Falling petrol prices were a major contributor to the drop in CPI, with 0.8p shaved off a litre between January and February, compared to a 4p rise over the same period last year. Diesel prices experienced a similar drop. A combination of price rises and reductions for gas and electricity, compared to rises a year ago, were another factor while the price of clothing and footwear rose by less between January and February than over the same period last year.
These slower price increases all helped to offset the effect from furniture, household equipment and maintenance prices, which rose at a more pronounced rate than a year ago, and costs in the recreation and culture sector, which jumped similarly.
Housing costs such as mortgage interest payments and council tax are not included in the CPI measure, although they are a factored into the retail prices index (RPI) measure of inflation, which also dropped month on month to 2.7% from 2.8%.
Inflation-beating wage growth is likely to be seized upon by the government, which has been repeatedly attacked by the Labour party for the fall in living standards despite strong economic growth.
However, a return to pre-crisis wage levels is still some way off. Think tank the National Institute of Economic and Social Research said last month wages were unlikely to rise above their 2009 peak until 2019 or 2020.
And quickening pay growth, while welcome, also brings with it the threat of interest rate rises. ‘If we see growth of wages and salaries pick up sharply in coming months, concerns about the feed-through to higher inflation will intensify, as will the pressure on policymakers to take some of the heat out of the economy via a first hike in interest rates,’ said Williamson.
Good news for savers
But while both inflation and interest rates remain at low levels, it creates a mixed picture for savers. ‘Lower inflation means savers are likely to continue to suffer low interest rates. However, for a few, lower inflation will mean their savings now generate a real return,’ said Adrian Lowcock, senior investment manager at stockbroker Hargreaves Lansdown.

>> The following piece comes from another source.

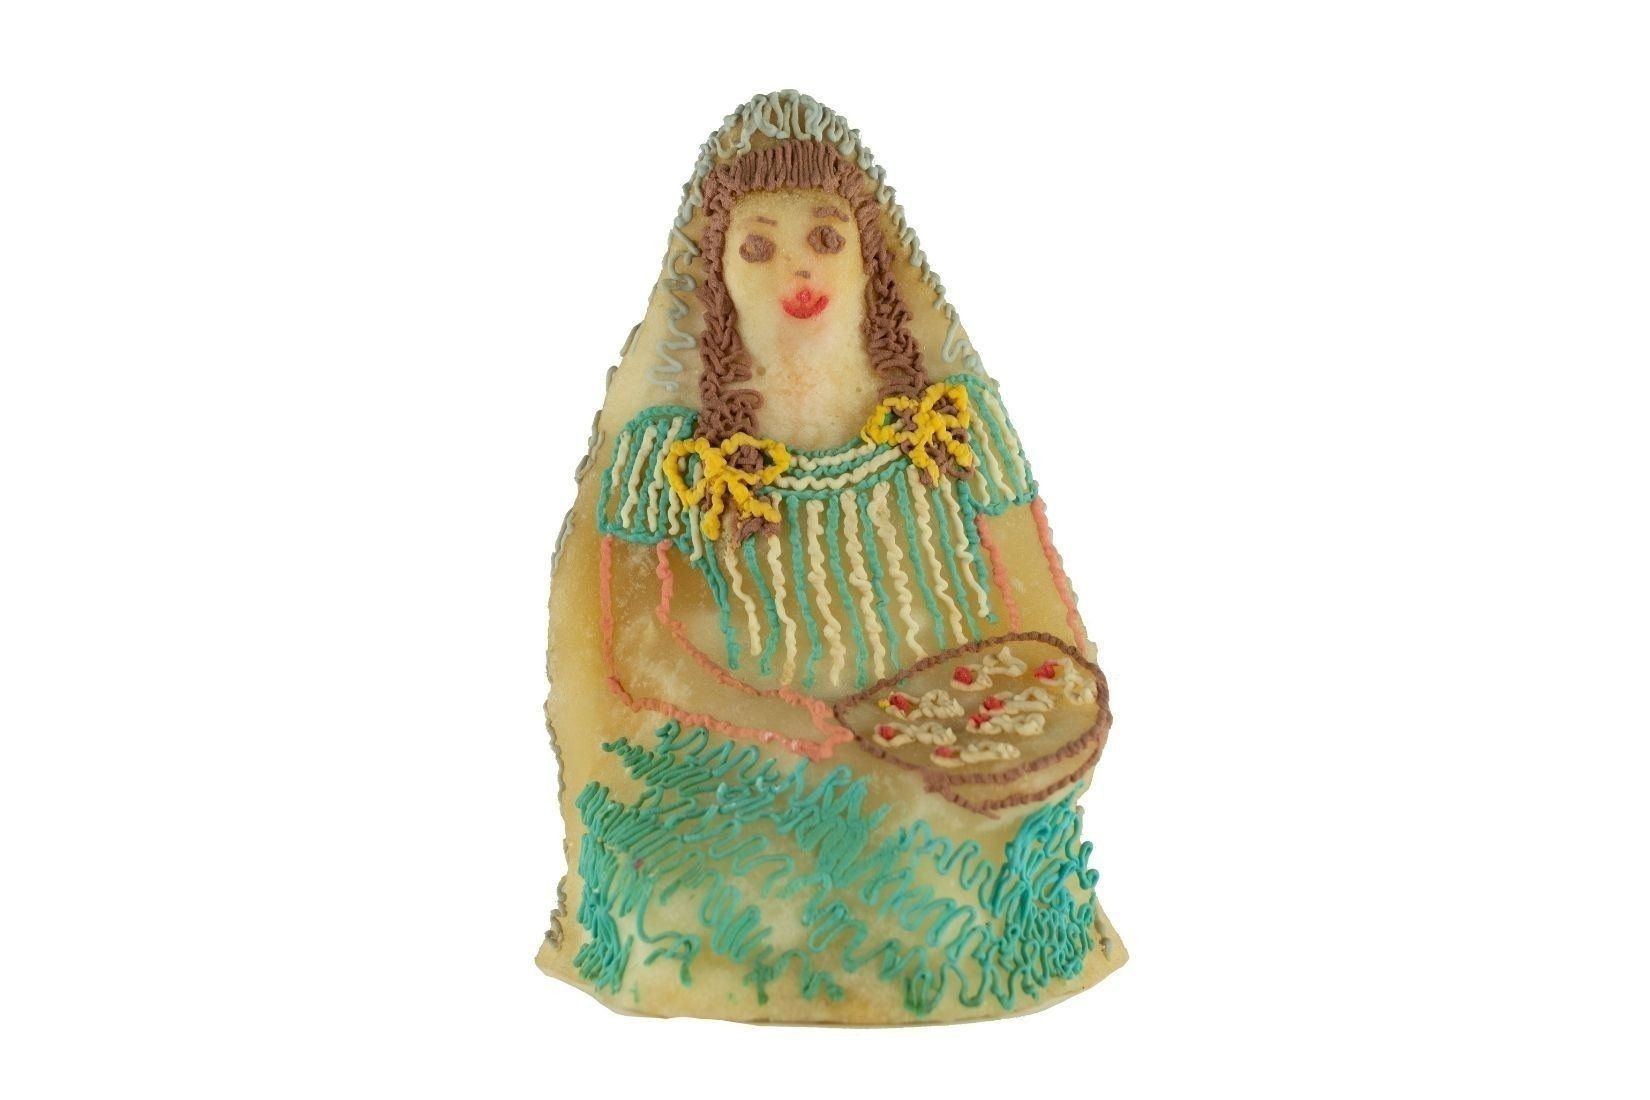 Mujer mazahua de alfeñique (azúcar modelada y pintura vegetal). Artesano desconocido. Guanajuato. Col. María Teresa Pomar. (Foto: Estudio Kristina Velfu, EKV).

Comparison site Moneyfacts.co.uk has calculated that with 1.7% interest rates, basic rate taxpayers would need to find a savings account paying 2.13% to beat inflation, while those on the higher rate would need to find one paying 2.83%.
It said that of 600 non-ISA accounts on the market, 37 manage to beat the effects of both tax and inflation. In the ISA market, 79 out of 214 offer inflation-beating rates.
The best fixed rate ISAs are being offered by Skipton building society, which pays 3% over five years. The highest rate available on a fixed rate bond is available through FirstSave, which offers 3.5%, although that does require savers to lock away their money for seven years. Shawbrook Bank offers the highest rate for a five-year bond, at 3.1%.